DEV Community

Cover image for 19 Adapters, One SQLite File, 10 Days to Ship: Open Brane Is Public
connor gallic
connor gallic

Posted on • Edited on

19 Adapters, One SQLite File, 10 Days to Ship: Open Brane Is Public

The brain under my agent mesh — the thing Kai, Scout, Claude Code, and Codex query before they answer anything — is one SQLite table. Eight columns. 80-line Python write gate. No ORM, no workflow engine, no framework.

I committed the first architecture decision record on 2026-04-11. I pushed the public repo today, 2026-04-21. Ten days from first ADR to open source. In between, the event log grew from zero to 942,068 events.

Today it went live as Open Brane.

This post is why. The next post is how.

The Problem Every Agent User Has

You're using more tools than you can count. Calendar, Drive, Stripe, GitHub, Notion, Obsidian, Claude, ChatGPT, a transcription service, a CRM, maybe half a dozen automation platforms. Each one has your context — inside its own schema, inside its own database, behind its own API.
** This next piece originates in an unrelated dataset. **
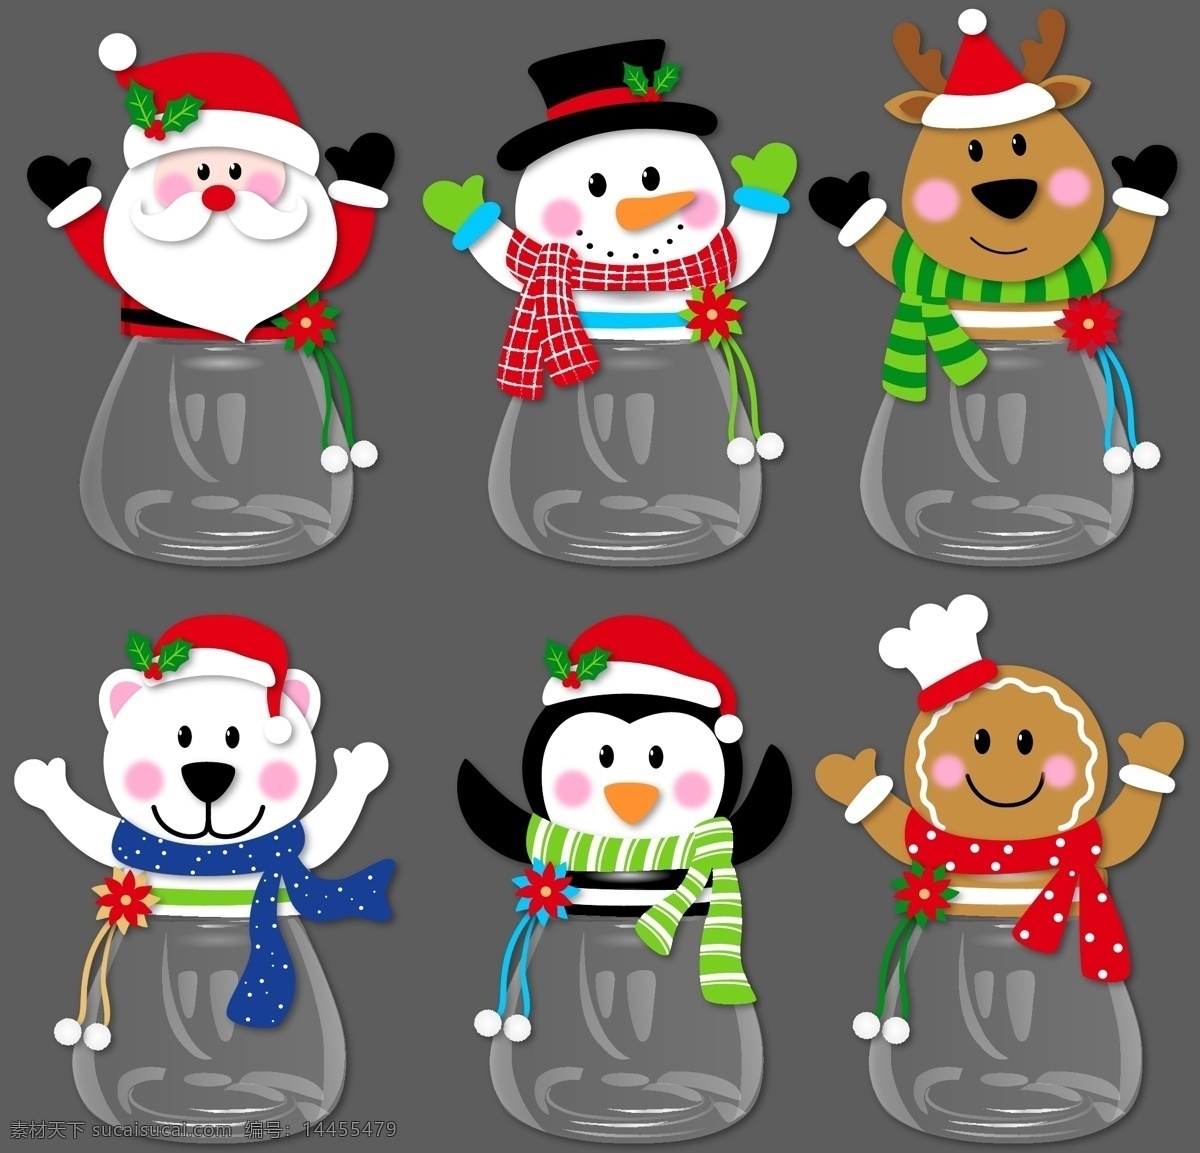 欧美 风格 节日礼品 圣诞节 糖果 罐 圣诞老人 雪人 麋鹿 熊 企鹅 姜饼人 造型糖果罐 灰色

None of them can see each other.

You notice this every time an agent forgets something you told it on Tuesday. Or proposes a plan that contradicts a decision you made three weeks ago. Or generates a summary of your week that omits the five Stripe events and two Fathom calls that actually defined it.

The fix most products offer is memory features. ChatGPT lets you save facts. Claude has projects. Custom GPTs accept 8K of context. All workarounds. None address the real problem, which is that your context is a cross-source data layer problem, not a model problem.

The engineering challenge is making every source queryable through one interface, so any agent in your stack can pull the right slice without knowing which tool originally produced it.

That's what Open Brane is.

What Actually Breaks

I noticed three recurring failure modes before I wrote a line of code.

Context doesn't survive handoffs between agents. Scout finishes researching something. Kai takes over and needs to act on the research. The only way Kai learns what Scout found is if Scout produces a summary document Kai reads. If the summary misses a fact, it's gone. Agents don't pass context to each other cleanly because they're passing rendered views instead of source data.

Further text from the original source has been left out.